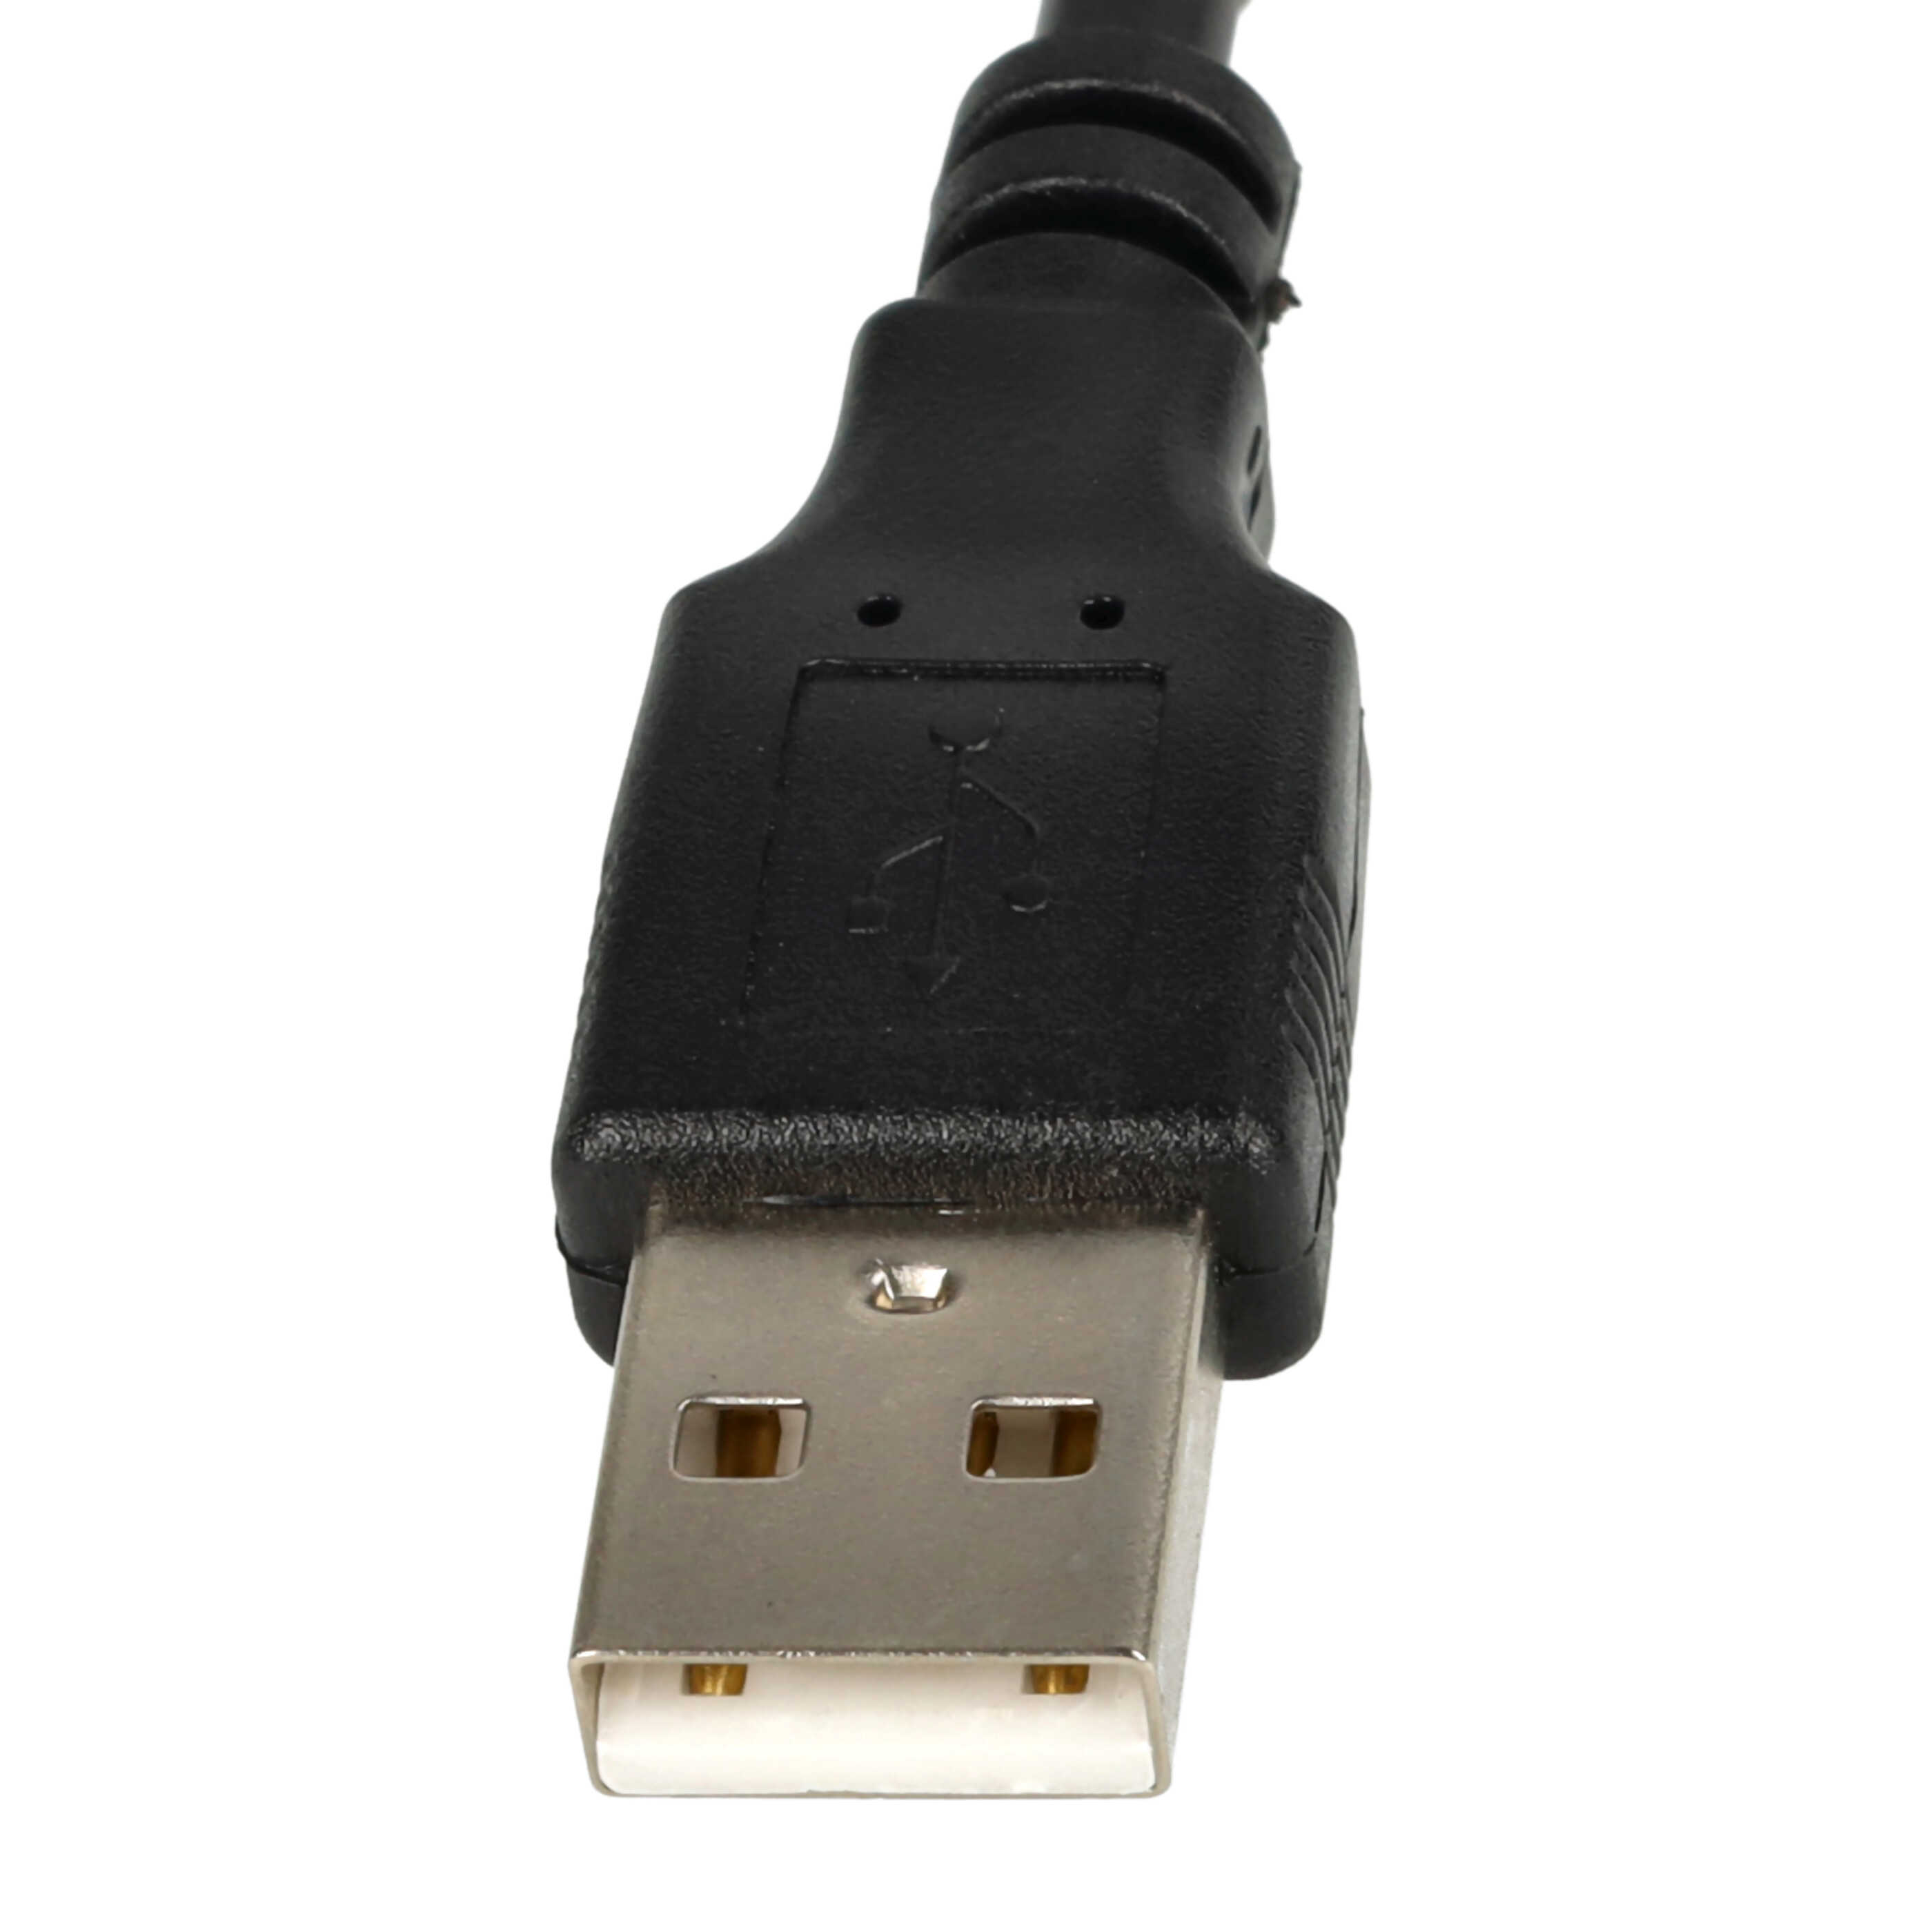 vhbw cavo AV USB - RCA compatibile con HDD-Player, impianti AV-stereo - Connettori USB A 2.0 & 3 RCA, 1,4m, ne
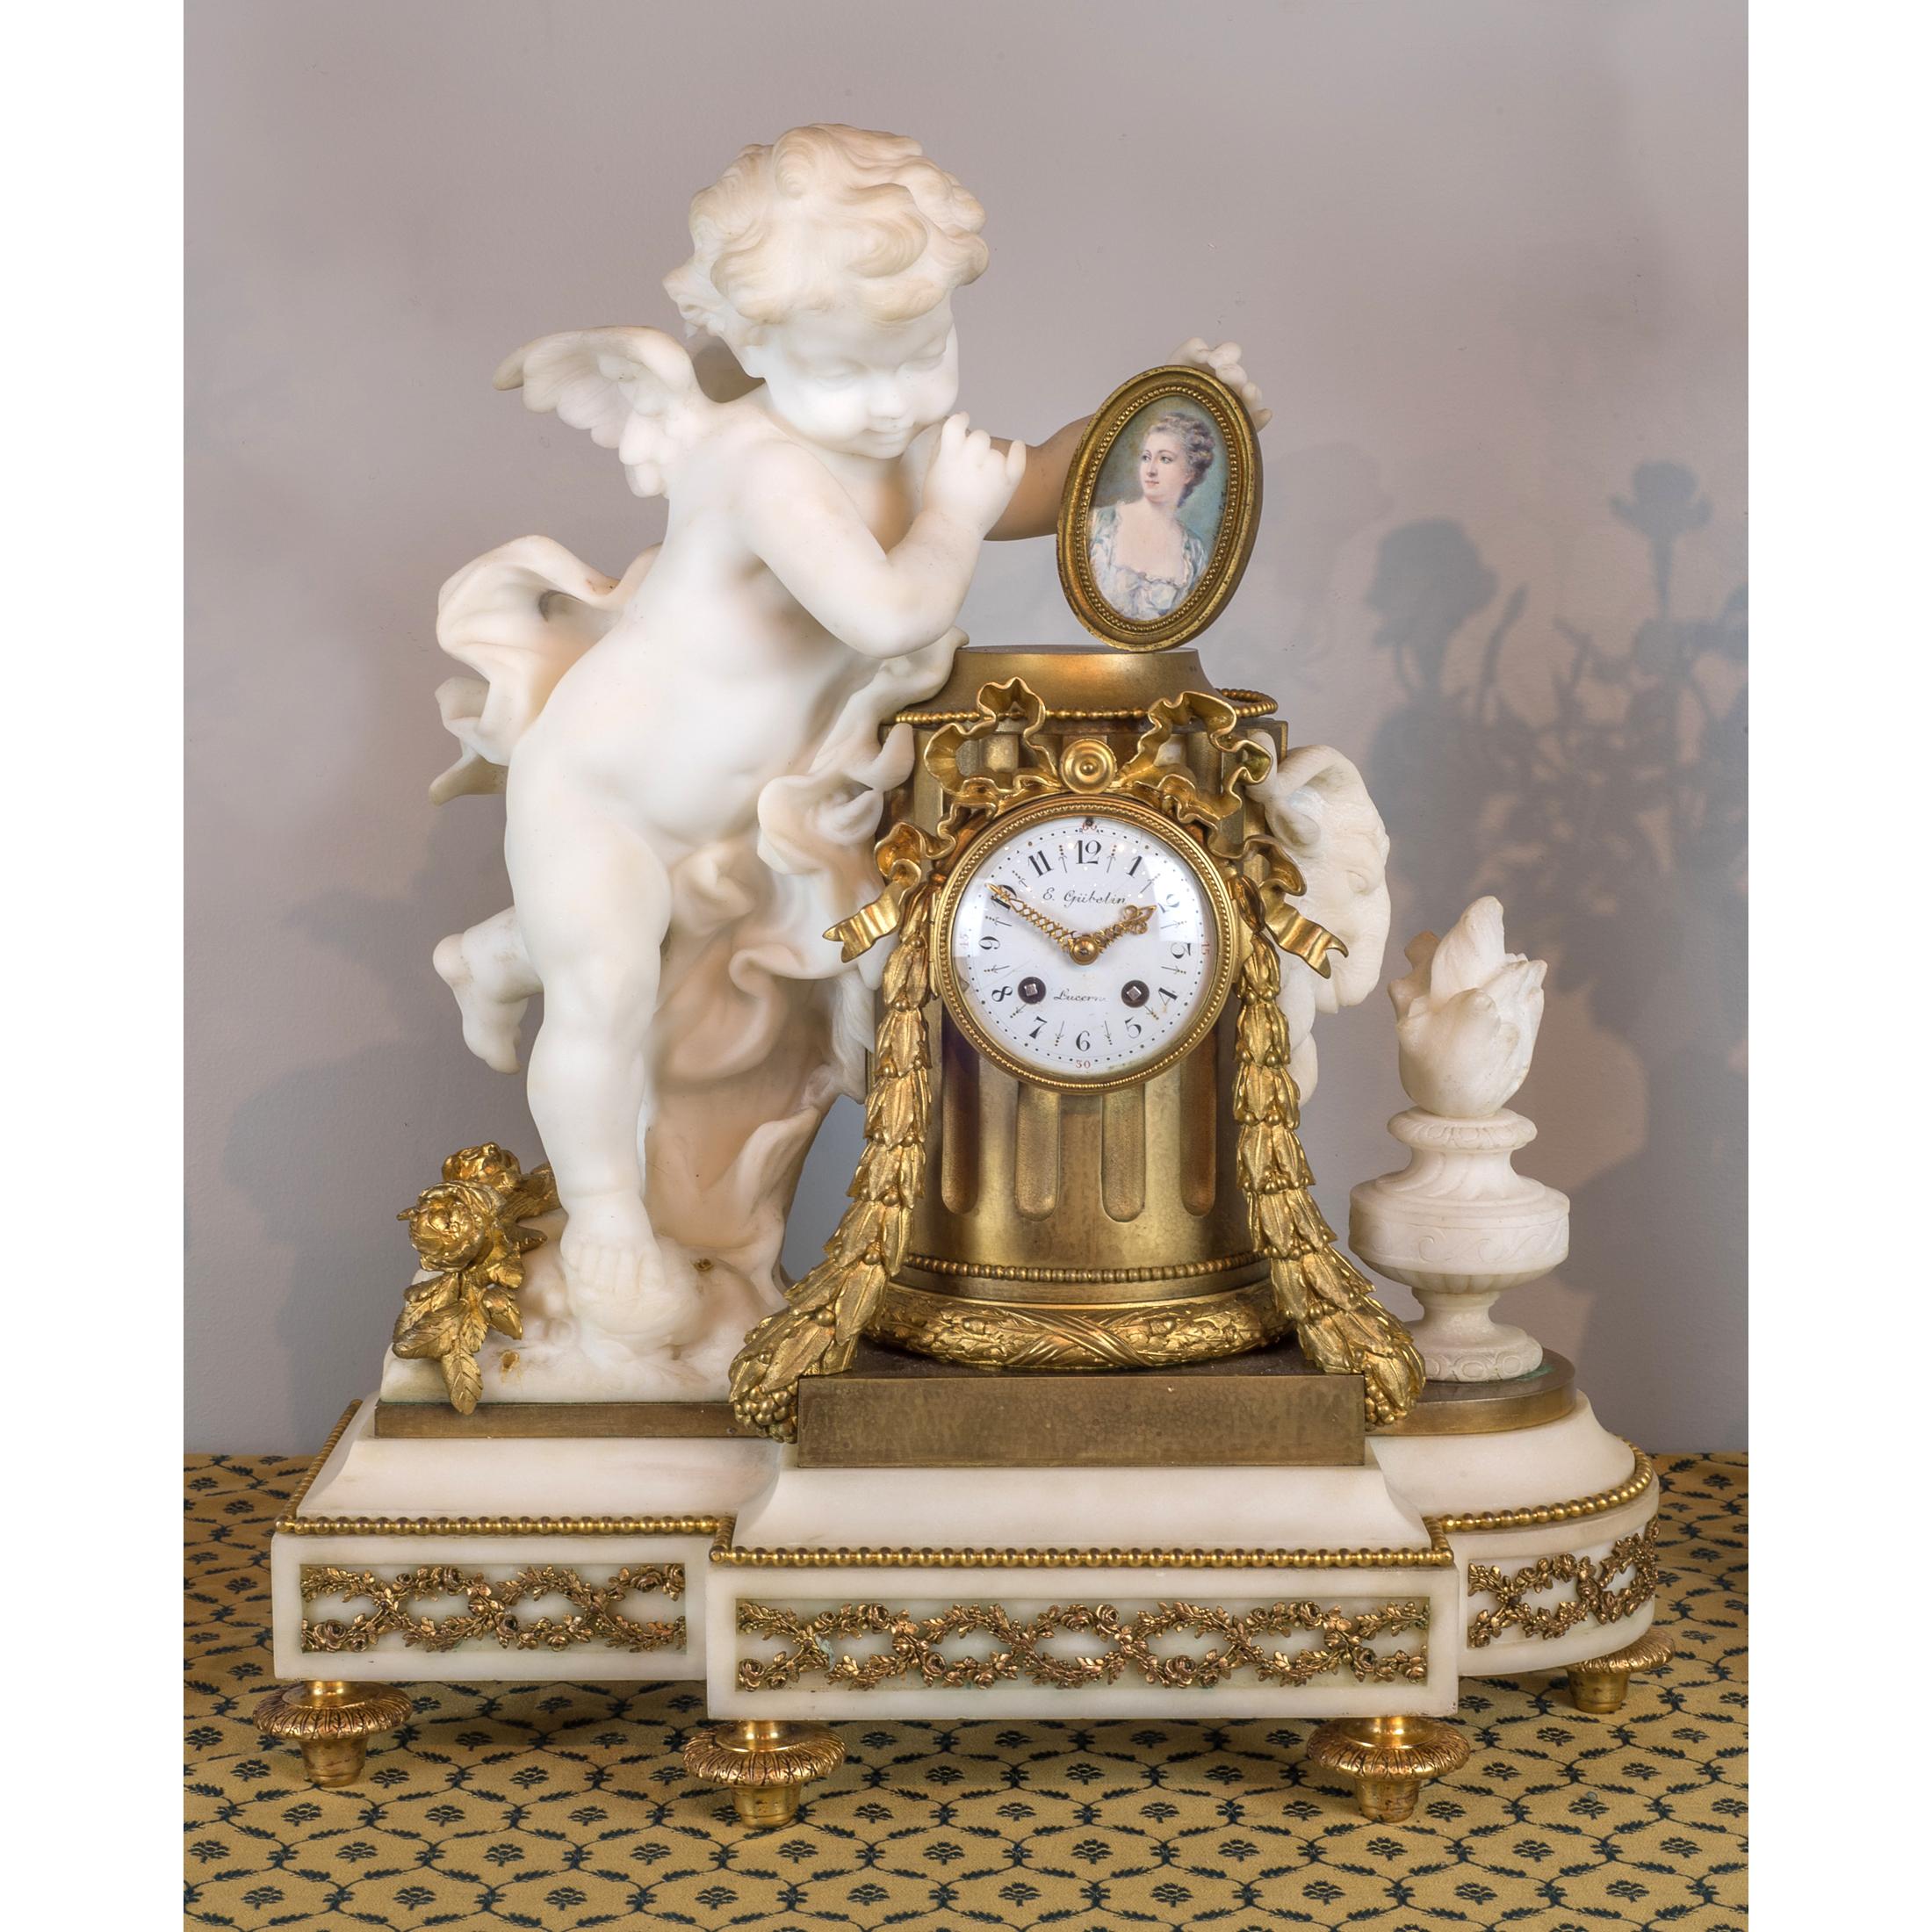 Signé E. GUBELIN, LUCERNE
Date : 19ème siècle
Origine : Français
Dimension : Horloge : 20 po x 18 1/2 po ; Chandeliers : 22 1/2 po de hauteur.
═══
# [Assigned task]
Write the material out again exactly. Do not include the pictures.

# [Solution for this exercise]
 vhbw cavo AV USB - RCA compatibile con HDD-Player, impianti AV-stereo - Connettori USB A 2.0 & 3 RCA, 1,4m, ne
 Signé E. GUBELIN, LUCERNE
Date : 19ème siècle
Origine : Français
Dimension : Horloge : 20 po x 18 1/2 po ; Chandeliers : 22 1/2 po de hauteur.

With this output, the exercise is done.